→ **Data shown**
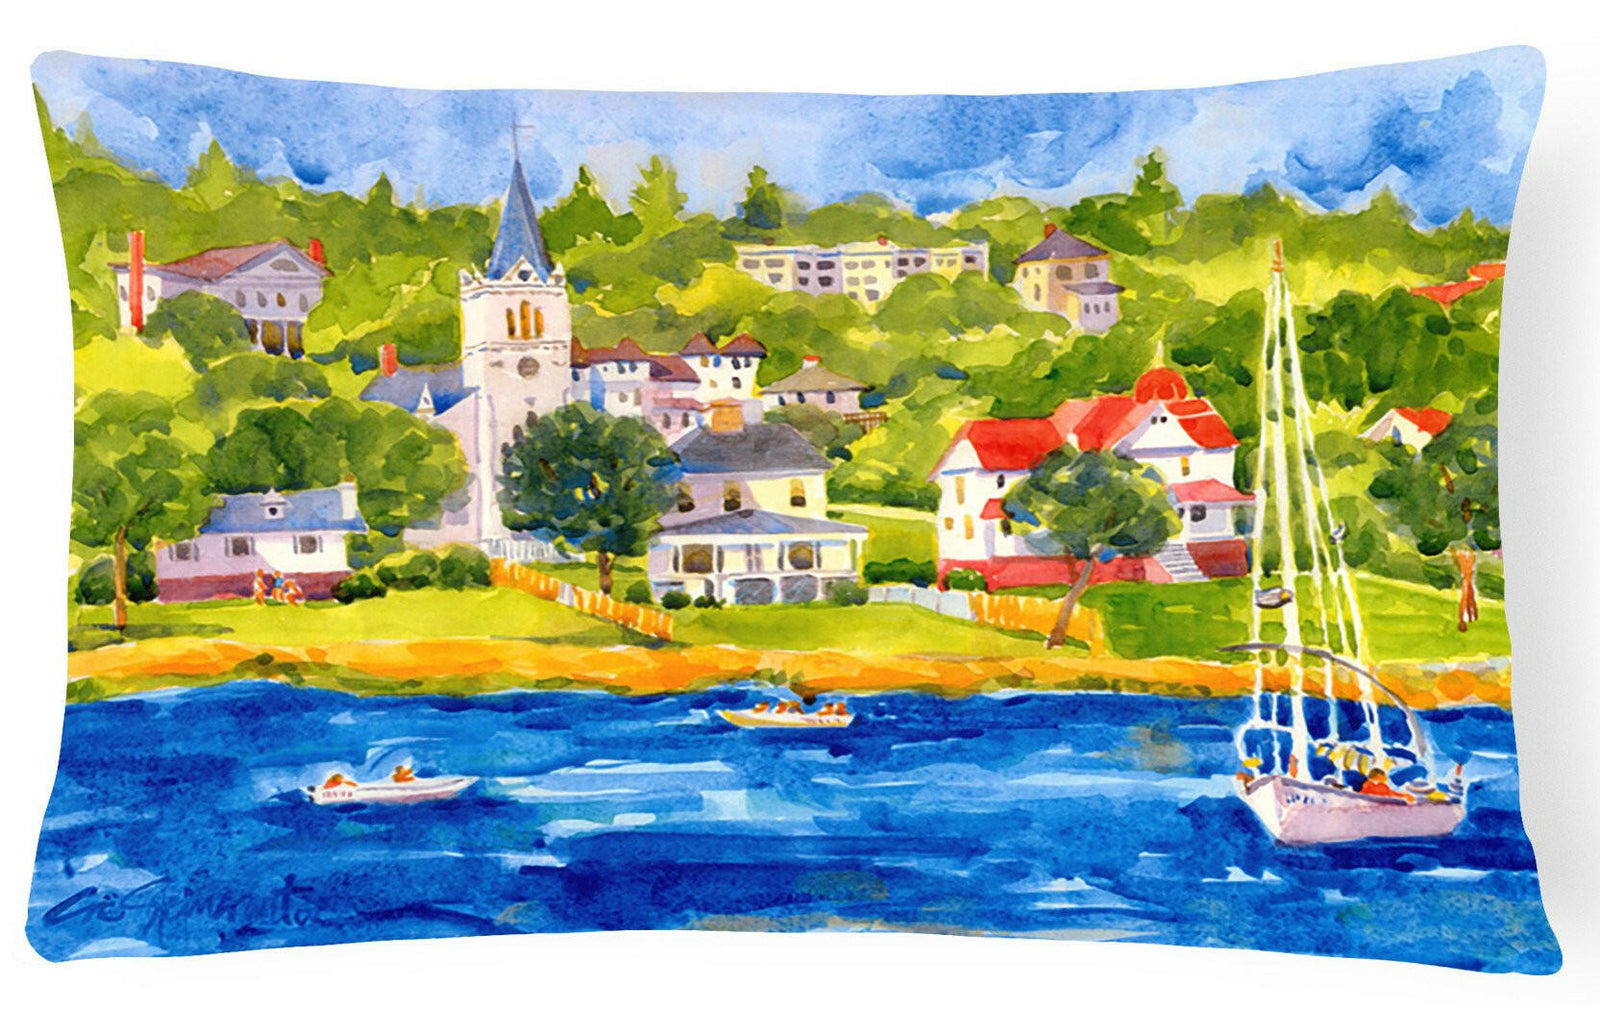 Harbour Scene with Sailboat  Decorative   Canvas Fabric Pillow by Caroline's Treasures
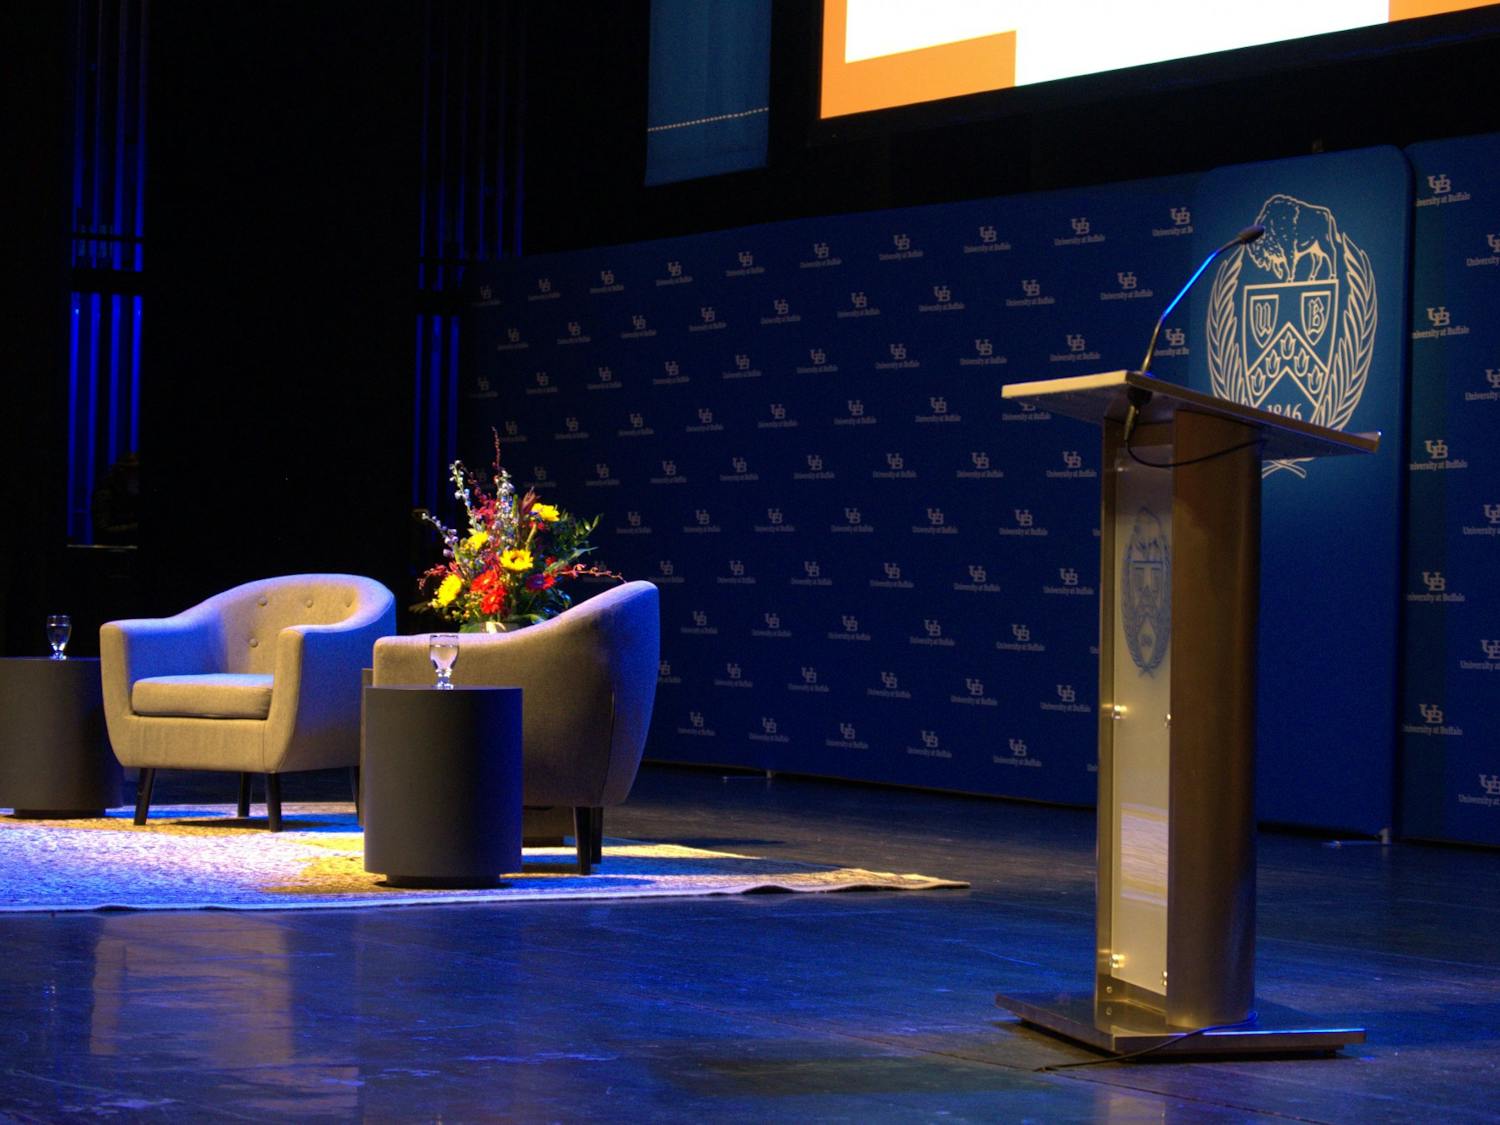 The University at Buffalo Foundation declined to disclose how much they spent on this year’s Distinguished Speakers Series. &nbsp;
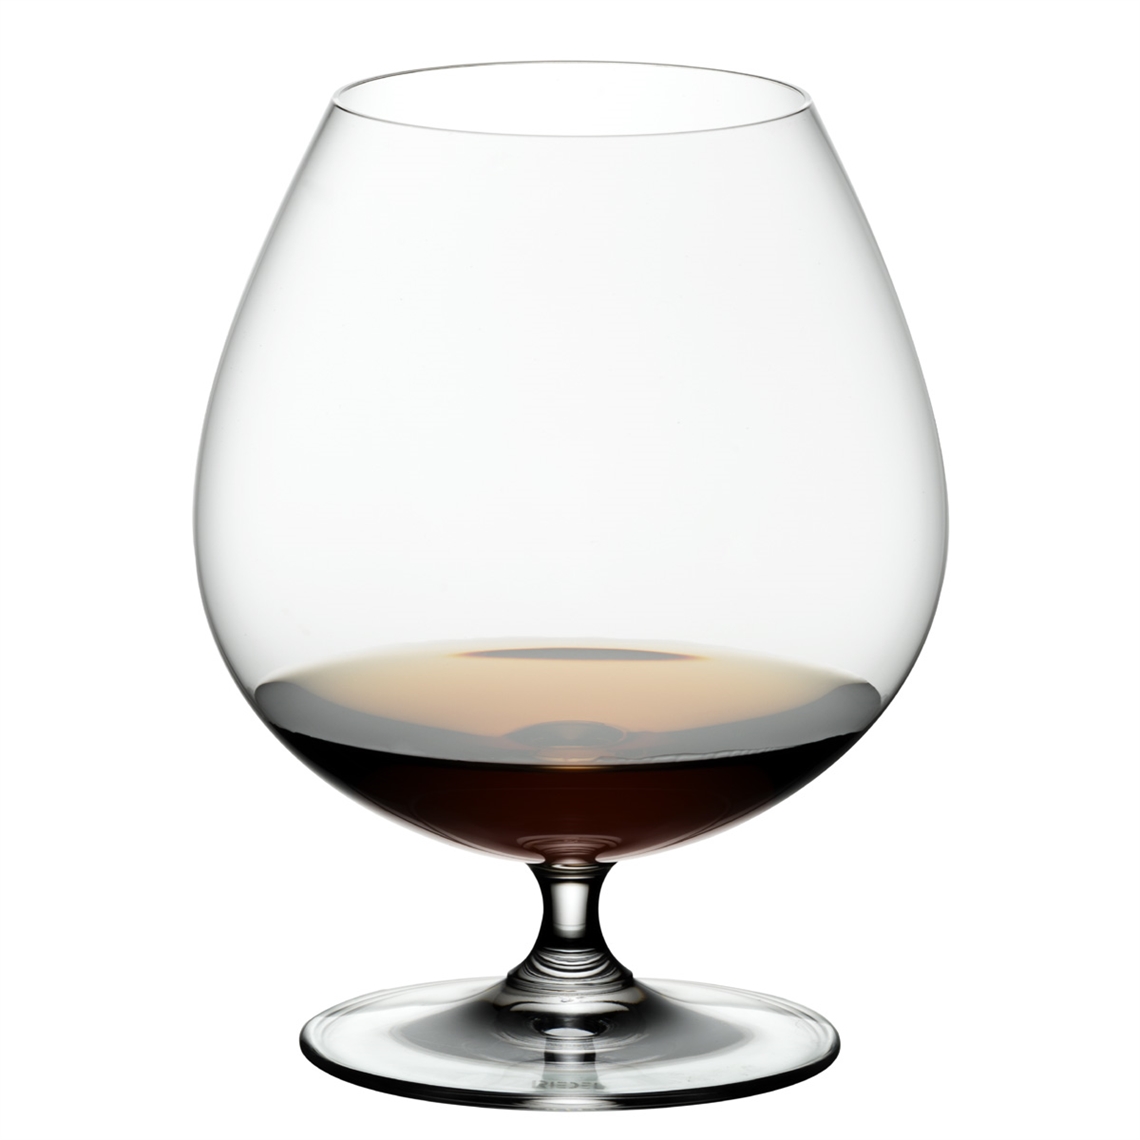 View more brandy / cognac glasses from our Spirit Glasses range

→ **Work to complete**
Make an exact copy of the listing. Leave its pictures out.

→ **Task output**
 Harbour Scene with Sailboat  Decorative   Canvas Fabric Pillow by Caroline's Treasures
 The University at Buffalo Foundation declined to disclose how much they spent on this year’s Distinguished Speakers Series. &nbsp;
 View more brandy / cognac glasses from our Spirit Glasses range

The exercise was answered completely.